Use the hash algorithm to calculate the hash value of the client id address or session id, and compare the obtained hash value with the size of the server list After taking the modulo operation, the final value is the server number that should be routed to.

2.5 Data fragmentation

If we have a 1T log file, which records the user’s search keywords, we want toquickly count each The number of times the keyword has been searched , what should I do? The amount of data is relatively large and it is difficult to put it into the memory of one machine. Even if it is placed on one machine, the processing time will be very long. To solve this problem, we can first fragment the data and then use multiple machines to process it. method to increase processing speed.

The specific idea is: In order to improve the processing speed, we use n machines for parallel processing. From the log file of the search record, each search keyword is analyzed in turn, and the hash value is calculated through the hash function, and then modulo n. The final value is the machine number that should be assigned; in this way, the hash value Search keywords with the same value are assigned to the same machine. Each machine will count the number of occurrences of the keyword separately, and finally combine them to get the final result. In fact, the processing process here is also the basic design idea of MapReduce.

2.6 Distributed Storage

For situations where massive data needs to be cached, one cache machine is definitely not enough, so we need to distribute the data across multiple on a machine. At this time, we can use the previous sharding idea, that is, use the hash algorithm to obtain the hash value of the data, and then take the modulo of the number of machines to obtain the cache machine number that should be stored.

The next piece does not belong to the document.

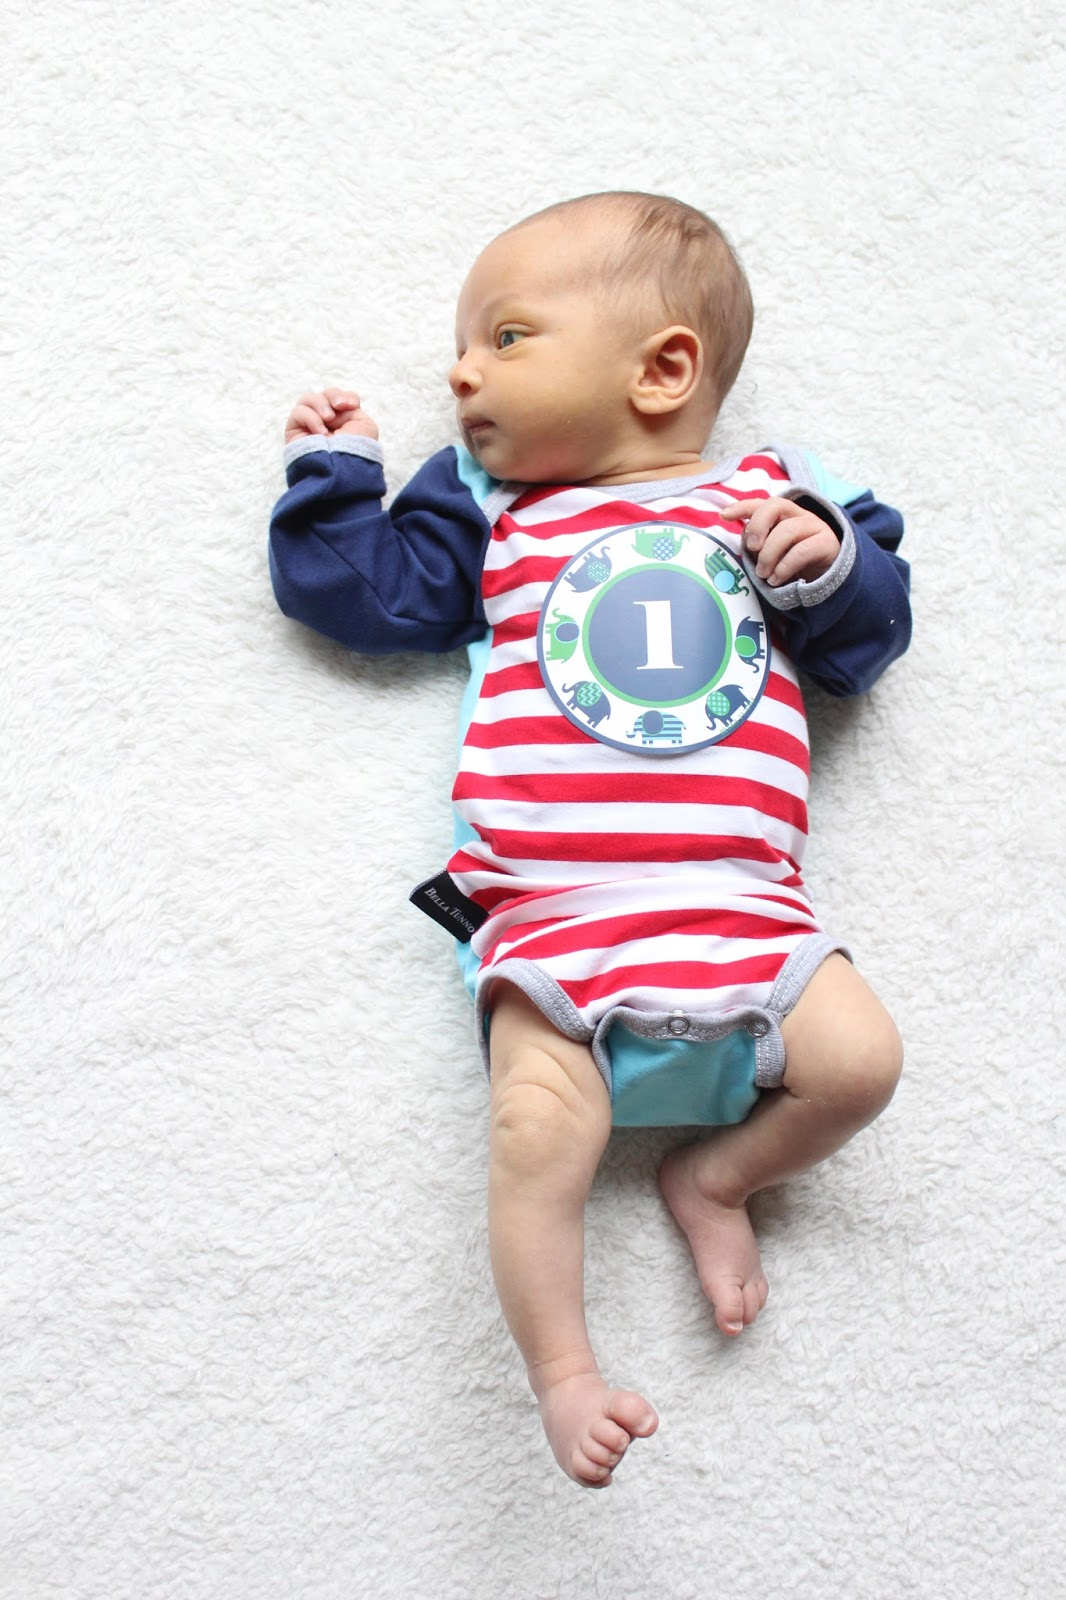 Baby Update: 1 month old, sticker onesie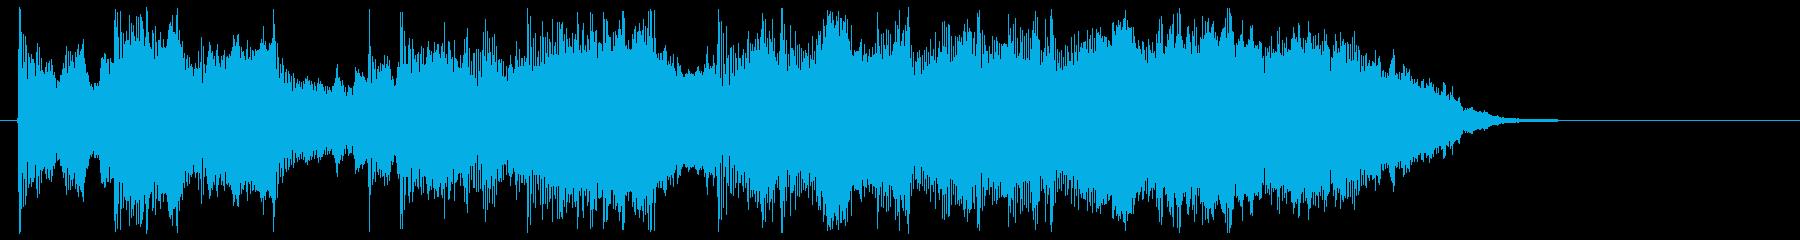 明るいホーンが印象的なポップスの再生済みの波形

However, if the data increases, the original 10 machines can no longer bear it and need to be expanded. At this time, if all the data hash values are recalculated and then moved to the correct machine, it will be quite Since all the cached data becomes invalid at once, it will penetrate the cache and return to the source, which may cause an avalanche effect and overwhelm the database. In order to add a new cache machine without moving all the data, Consistent Hash Algorithm is a better choice. The main idea is: assuming we have a kge machine, the hash value range of the data is [0, Max], we divide the entire range into m small intervals (m is much greater than k). Each machine is responsible for m/k small intervals. When a new machine joins, we divide the data of certain small intervals from The original machine is moved to the new machine. In this way, there is no need to re-hash and move all the data, and the balance of the data volume on each machine is maintained.

3. Written at the end

In fact, the hash algorithm has many other applications, such as git commit id, etc. Many applications come from the algorithm The understanding and expansion are also the embodiment of the value of basic data structures and algorithms, which we need to slowly understand and experience in our work.